Burning Out

I remember learning as a girl, perhaps significantly while building a fire, that fire needs 2 things to burn: fuel and oxygen. [Well, three actually—an ignition source, but that’s not relevant to the current analogy.]

FUEL: It’s more than things to do—there is always something to do. It’s the kind of “things to do” that produce results, the kind that allow you to channel energy to release/transform more energy. And just like building a campfire, things tend to go a good deal smoother when you’ve got a good stack of fuel in various sizes readily available [usually because, surprise, surprise, you went out and looked for it] You need to gather “kindling” little things that require little effort, little risk, little faith, to demonstrate the potential of the bigger efforts, the ones that need “all the love you can give…” You start to see situations in terms of fuel, ordering all that needs to be done into manageable, relatively uniform chunks of progressive requirements/potential. And you’ve got to constantly be watching the fire, evaluating what type of fuel it needs next.

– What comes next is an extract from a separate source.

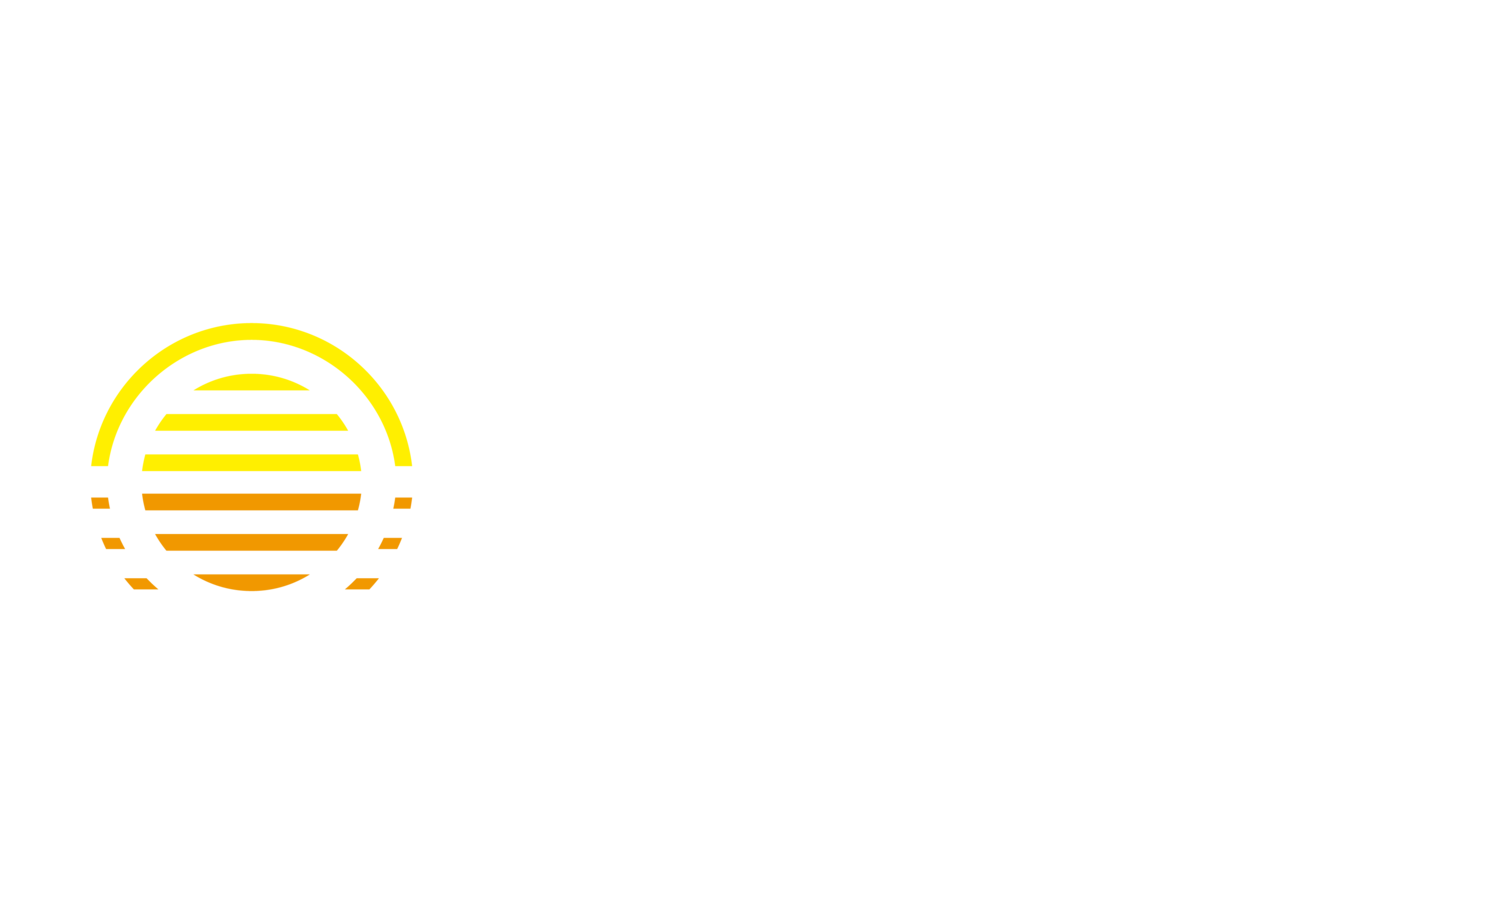 Justin M Owens CPA LLC

OXYGEN: This part always seems to be harder for me. I never seem to struggle finding stuff I want to burn. But if you pile it on too fast, or too dense, you starve the flame, even risk extinguishing it altogether. The last little while I’ve been seriously pondering what I’ll have to change in order to survive a lifetime of this. [“Sustainability” has taken on new meaning for me lately.] I am tired. And I’ve only been at this 8 months. It takes discipline to leave “air space” in the fire. You have to build it in, plan for it, protect it…occasionally stir things up a bit to make some more of it. There has to be time for study, time for exercise, time for laughter and meaningful relationships, time for rest [other than just exhausted sleep].

These are things all social entrepreneurs must figure out, because as you move deeper and deeper into the wicked problems you’re working to solve, it gets clearer and clearer that “this could take a while.”

Cognitive White-Space

I started this post several weeks ago. I didn’t have time to finish it then and I don’t really have time to finish it now, only the situation has become such that nothing else is really coherent at the moment, so if I’m going to do anything productive this afternoon, it’s going to have to be this first.

I spent a couple hours this morning “catching up” in my feed reader. Yes, I said hours. My classmates presented a dizzying array of intelligent Facebook applications, educational uses for Flikr, thoughts on the merits of video across domains from cooking to calculus, and critical commentary on the purported negative effects of social media on undergraduate intellectual life. They were thorough, sentient and clever, and I was … overwhelmed.